Lindsey Rebecca K, Fried Laurence E, Goldman Nir, Bastea Sorin
Physical and Life Sciences Directorate, Lawrence Livermore National Laboratory, Livermore, California 94550, USA.
J Chem Phys. 2020 Oct 7;153(13):134117. doi: 10.1063/5.0021965.
Machine learned reactive force fields based on polynomial expansions have been shown to be highly effective for describing simulations involving reactive materials. Nevertheless, the highly flexible nature of these models can give rise to a large number of candidate parameters for complicated systems. In these cases, reliable parameterization requires a well-formed training set, which can be difficult to achieve through standard iterative fitting methods. Here, we present an active learning approach based on cluster analysis and inspired by Shannon information theory to enable semi-automated generation of informative training sets and robust machine learned force fields. The use of this tool is demonstrated for development of a model based on linear combinations of Chebyshev polynomials explicitly describing up to four-body interactions, for a chemically and structurally diverse system of C/O under extreme conditions. We show that this flexible training database management approach enables development of models exhibiting excellent agreement with Kohn-Sham density functional theory in terms of structure, dynamics, and speciation.

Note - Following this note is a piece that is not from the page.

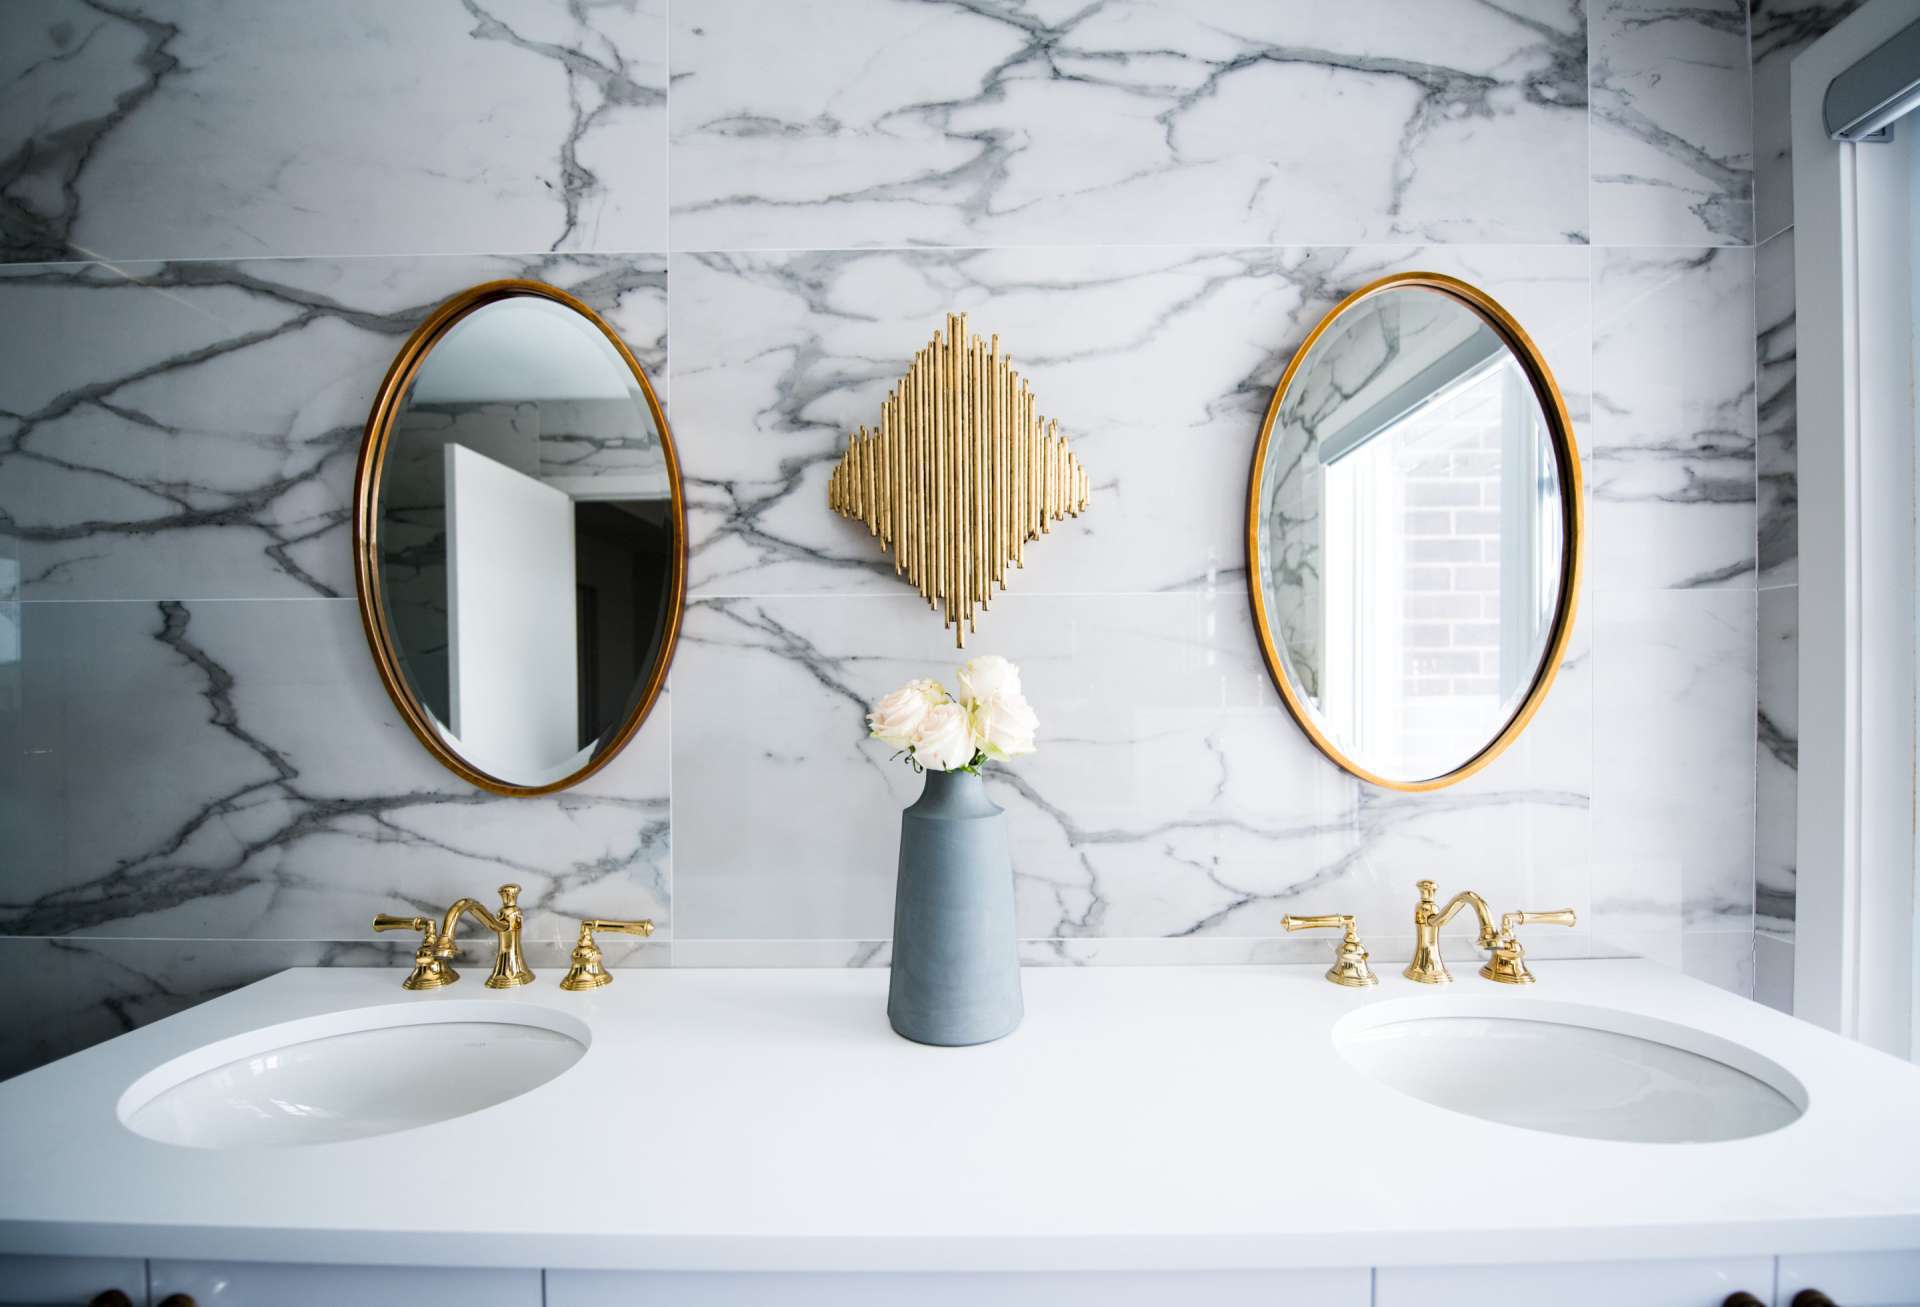 A Move-In Bathroom Checklist for Your First Apartment

基于多项式展开的机器学习反应力场已被证明在描述涉及反应性材料的模拟方面非常有效。然而,这些模型的高度灵活性可能会为复杂系统产生大量候选参数。在这些情况下,可靠的参数化需要一个结构良好的训练集,而通过标准的迭代拟合方法很难实现这一点。在这里,我们提出了一种基于聚类分析并受香农信息论启发的主动学习方法,以实现信息丰富的训练集的半自动生成和强大的机器学习力场。该工具的使用在开发一个基于切比雪夫多项式线性组合的模型中得到了证明,该模型明确描述了多达四体相互作用,用于极端条件下化学和结构多样的C/O系统。我们表明,这种灵活的训练数据库管理方法能够开发出在结构、动力学和物种形成方面与Kohn-Sham密度泛函理论表现出极佳一致性的模型。